▶ _Given information_
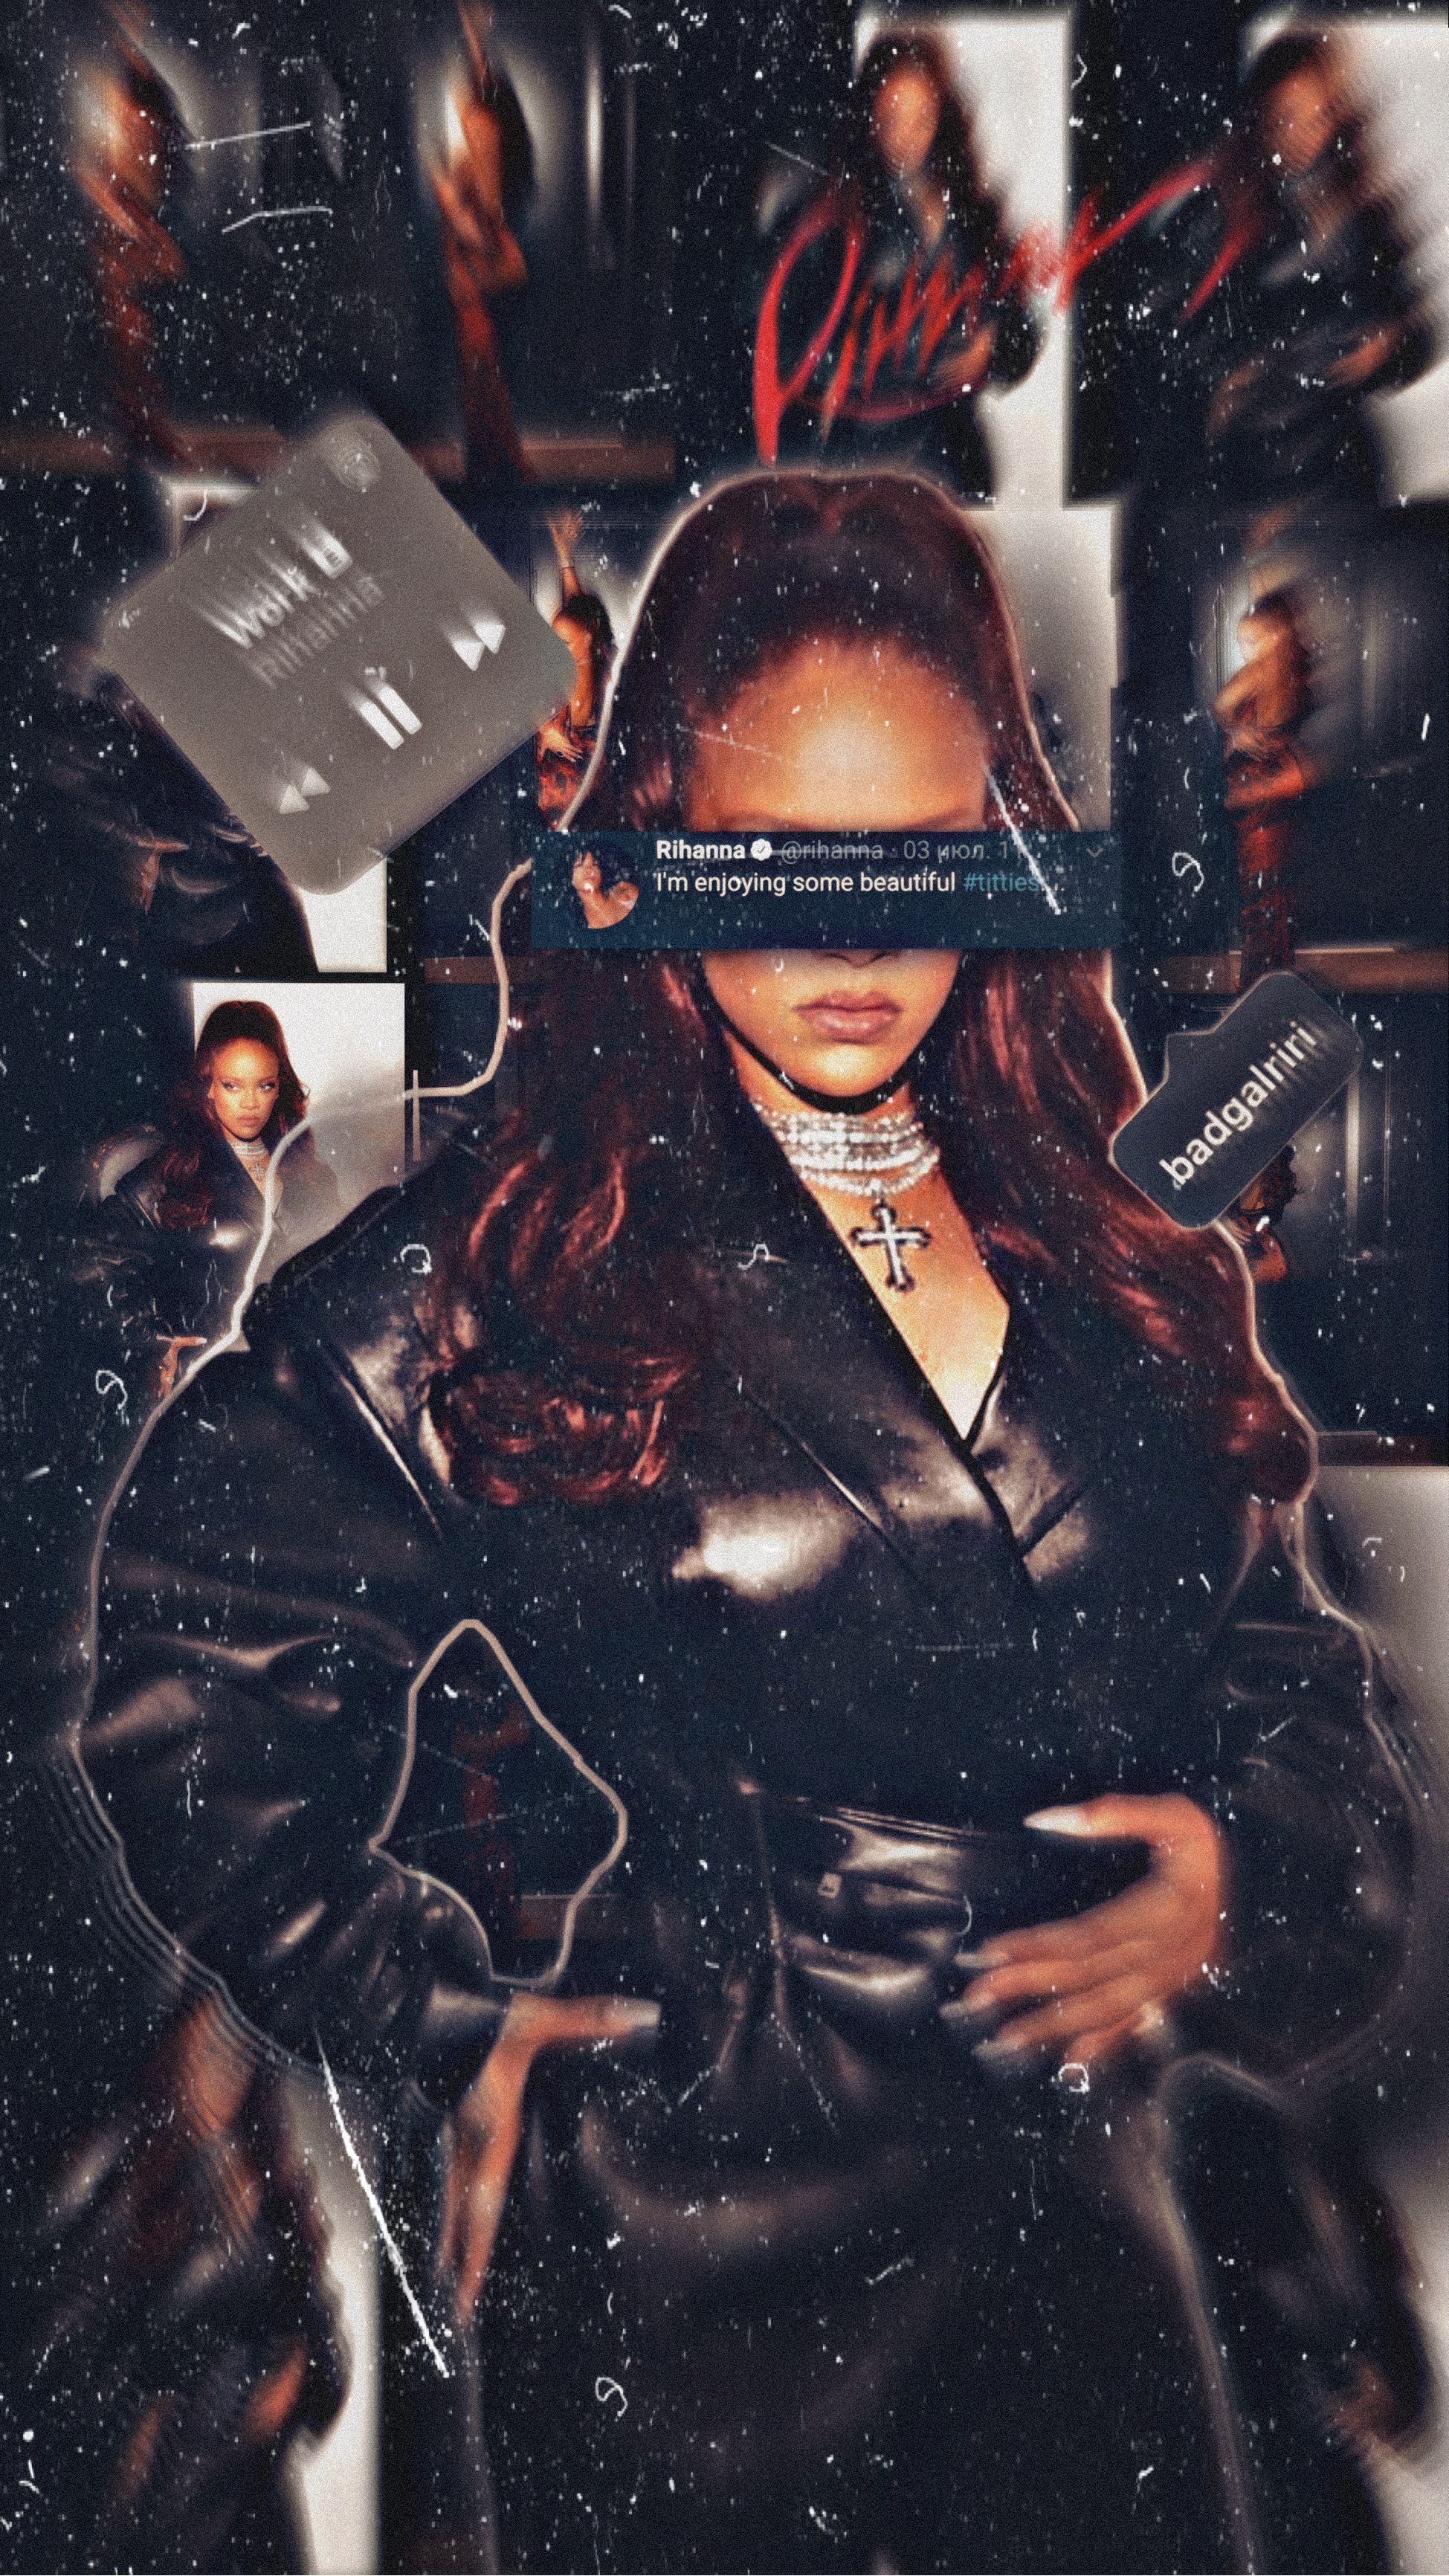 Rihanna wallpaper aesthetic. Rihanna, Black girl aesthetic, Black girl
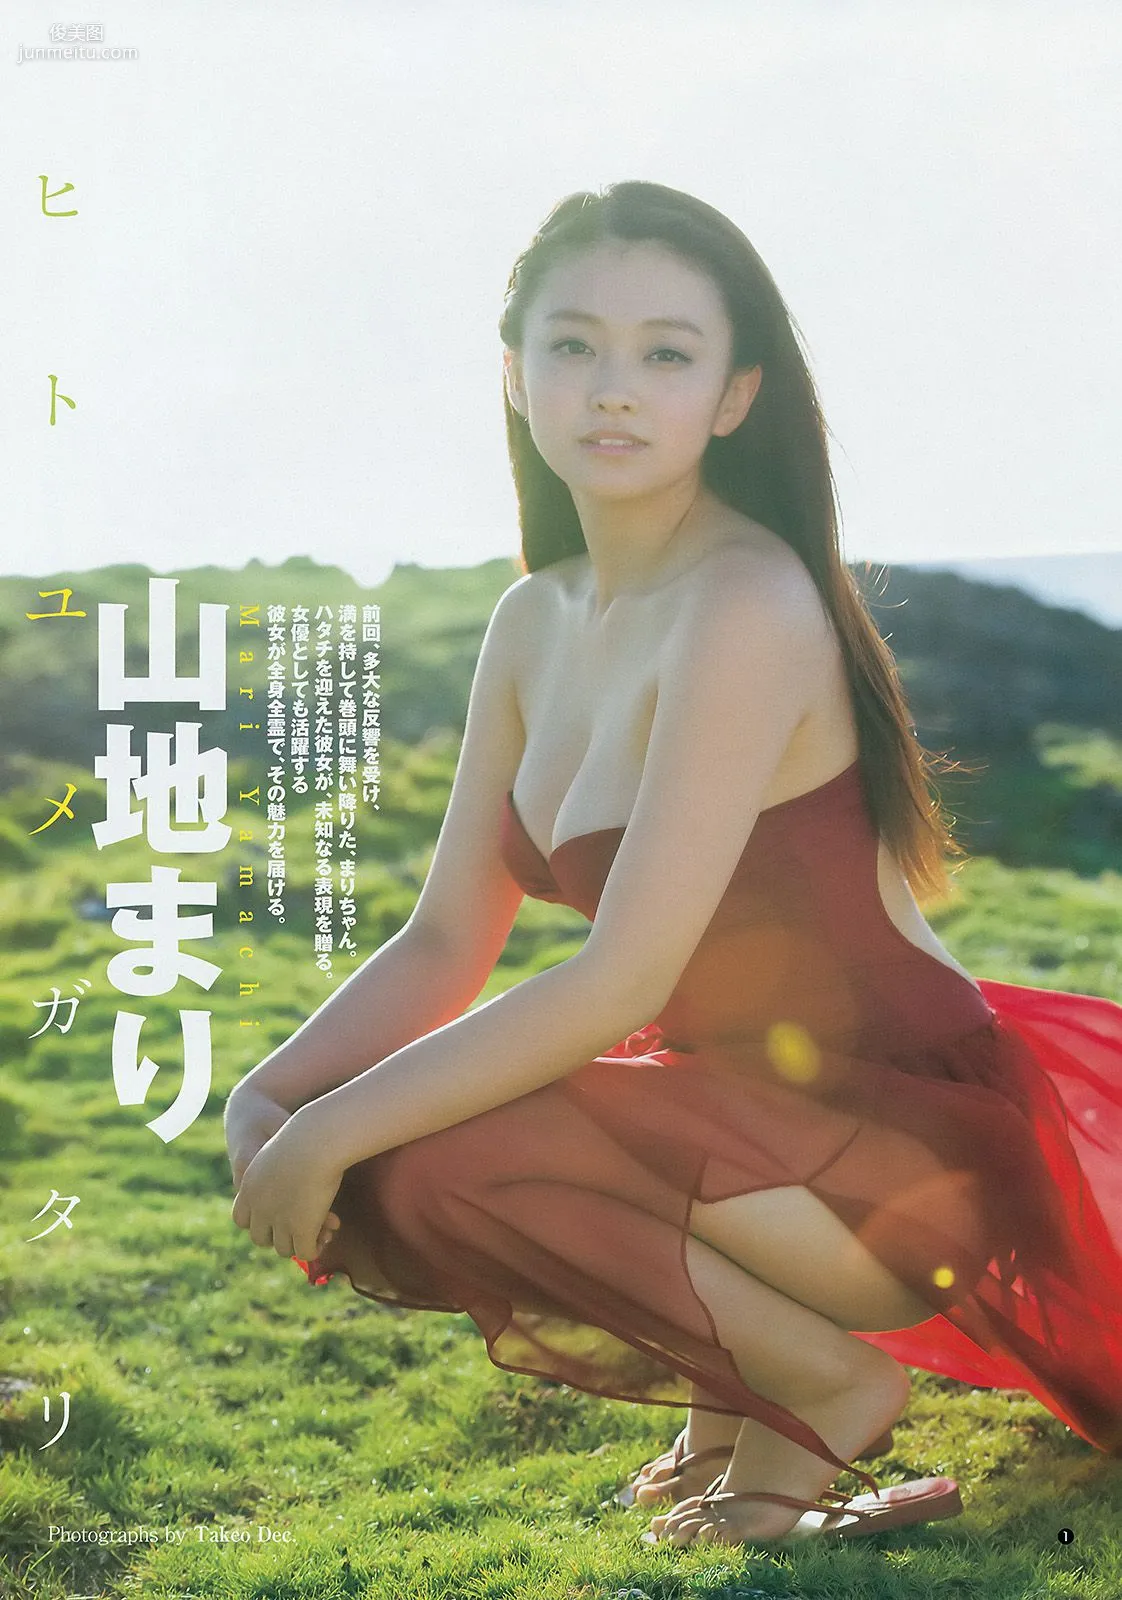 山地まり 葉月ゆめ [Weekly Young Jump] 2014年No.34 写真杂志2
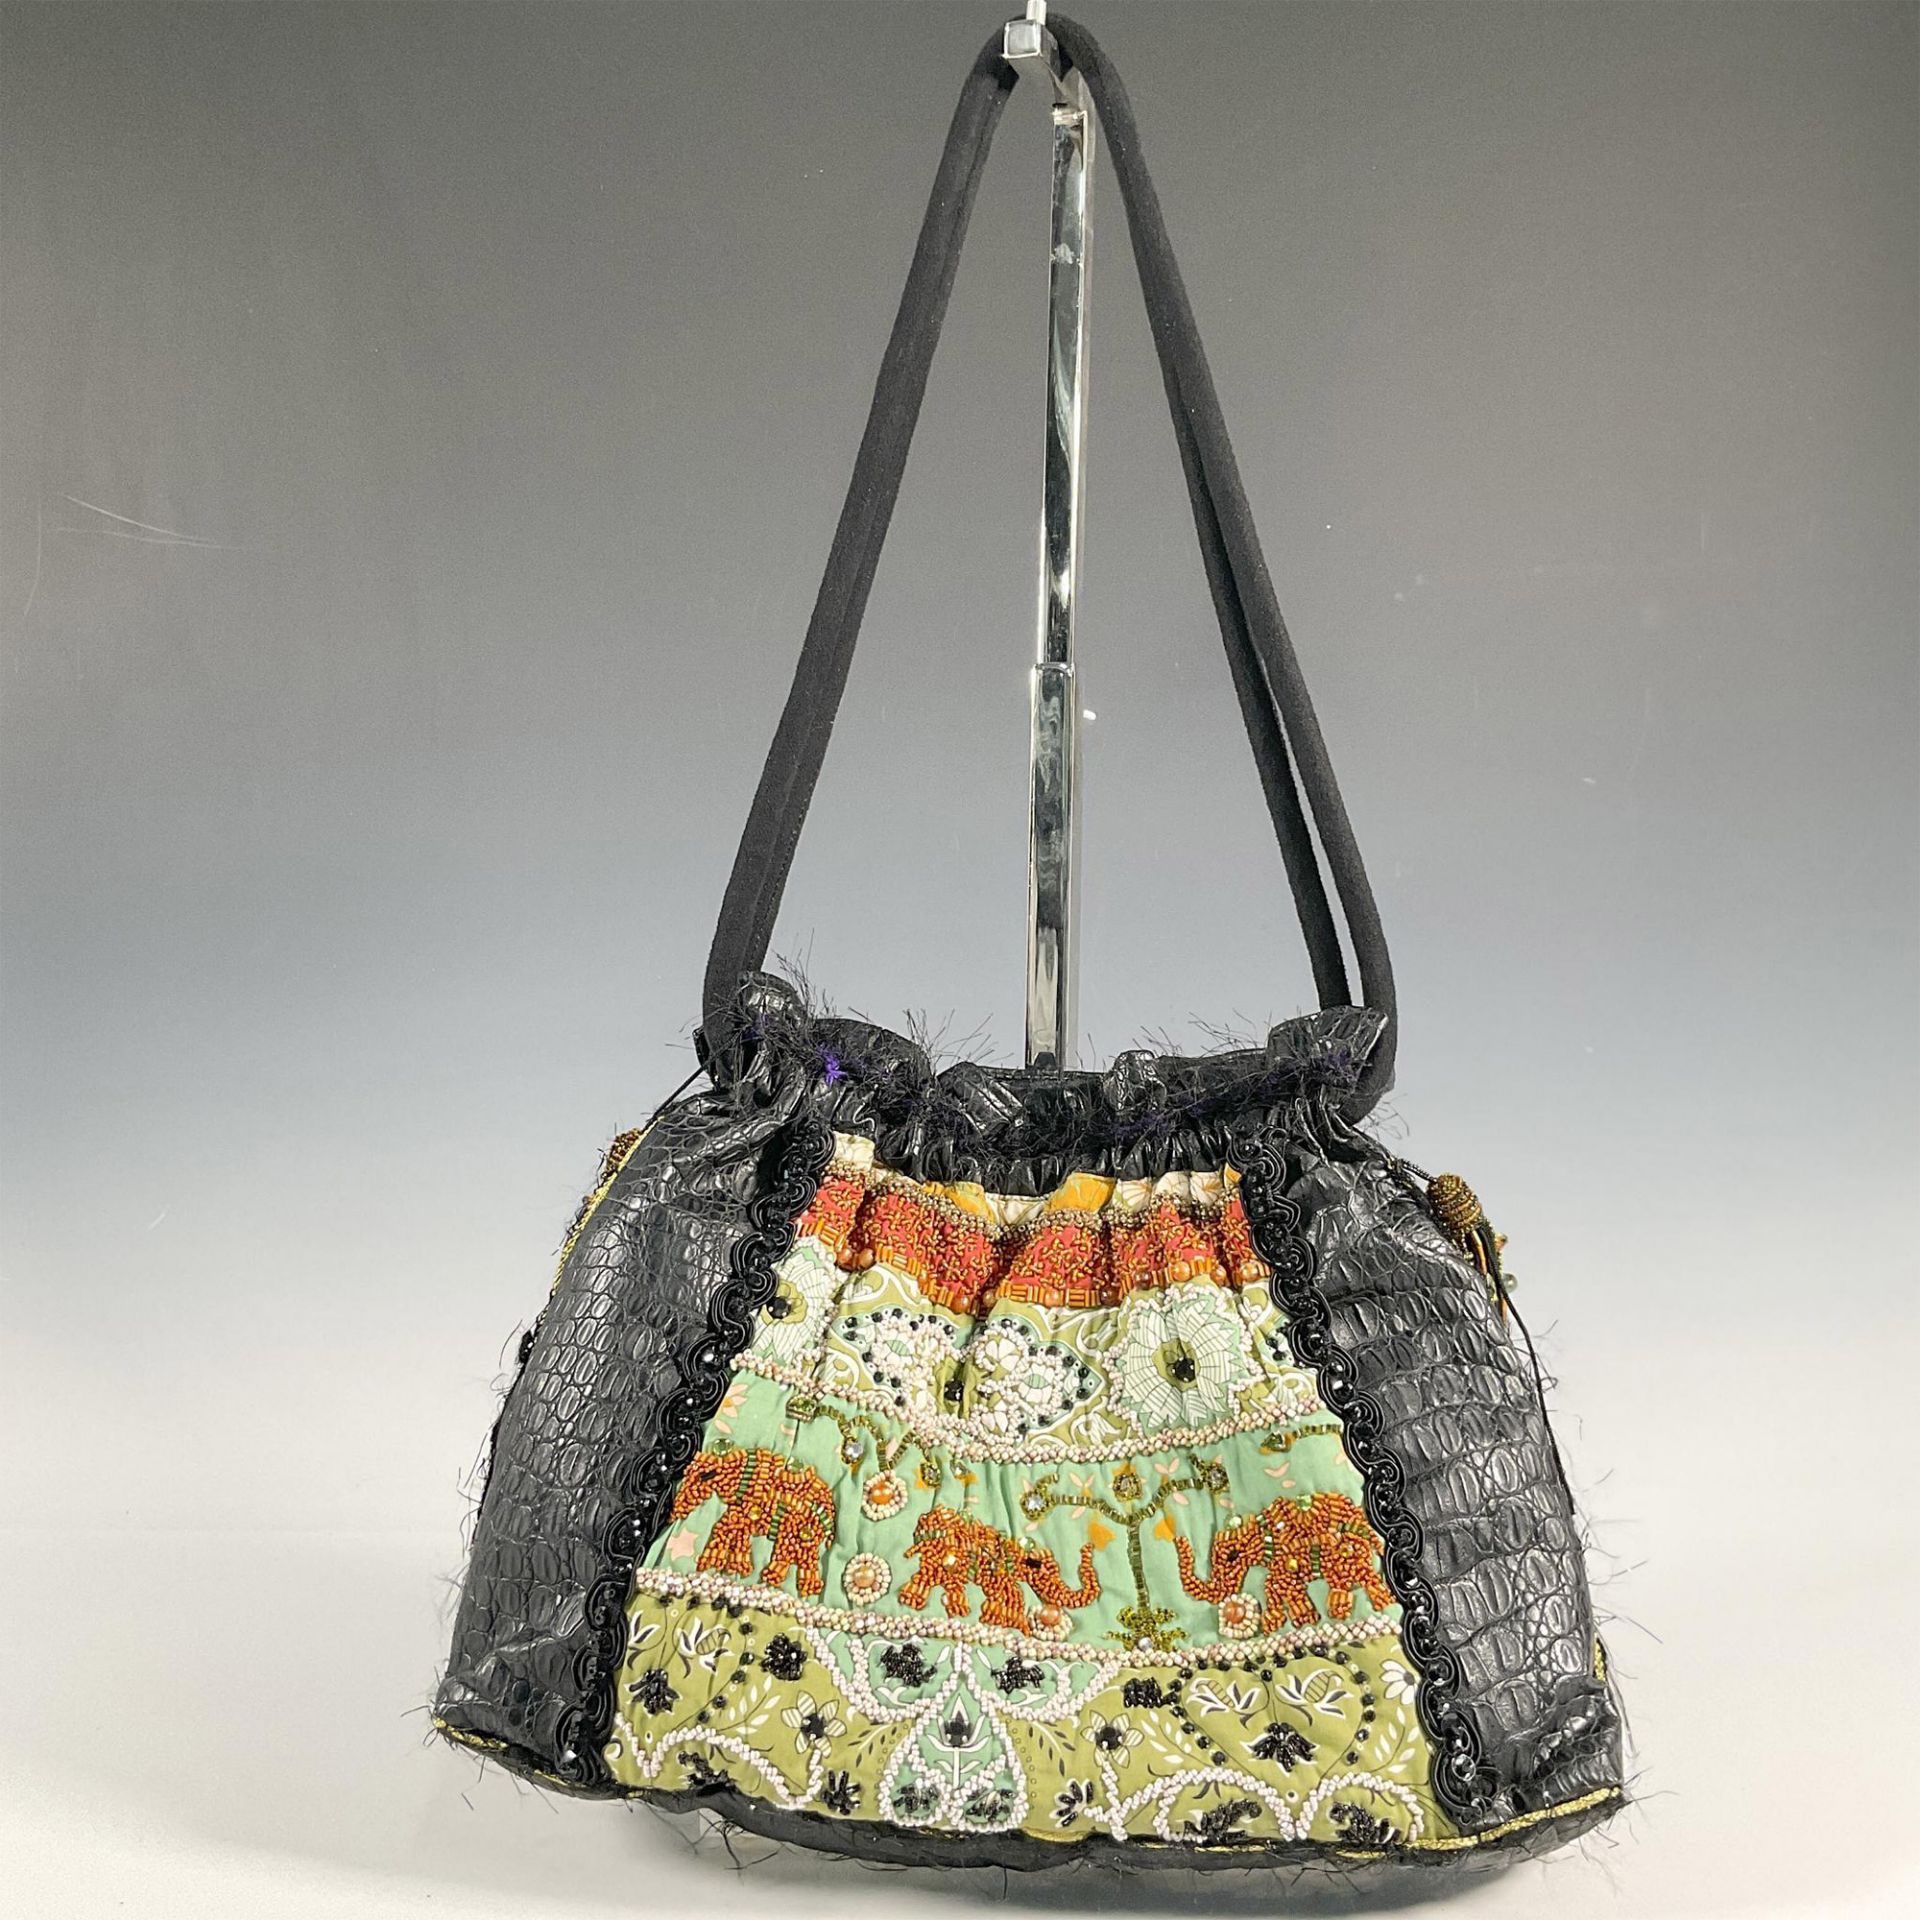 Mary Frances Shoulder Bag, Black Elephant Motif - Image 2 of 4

▶ _About this exercise_
In the answer, all of the material should appear exactly as given, with no picture carried over.

▶ _Result for this task_
 Rihanna wallpaper aesthetic. Rihanna, Black girl aesthetic, Black girl
 山地まり 葉月ゆめ [Weekly Young Jump] 2014年No.34 写真杂志2
 Mary Frances Shoulder Bag, Black Elephant Motif - Image 2 of 4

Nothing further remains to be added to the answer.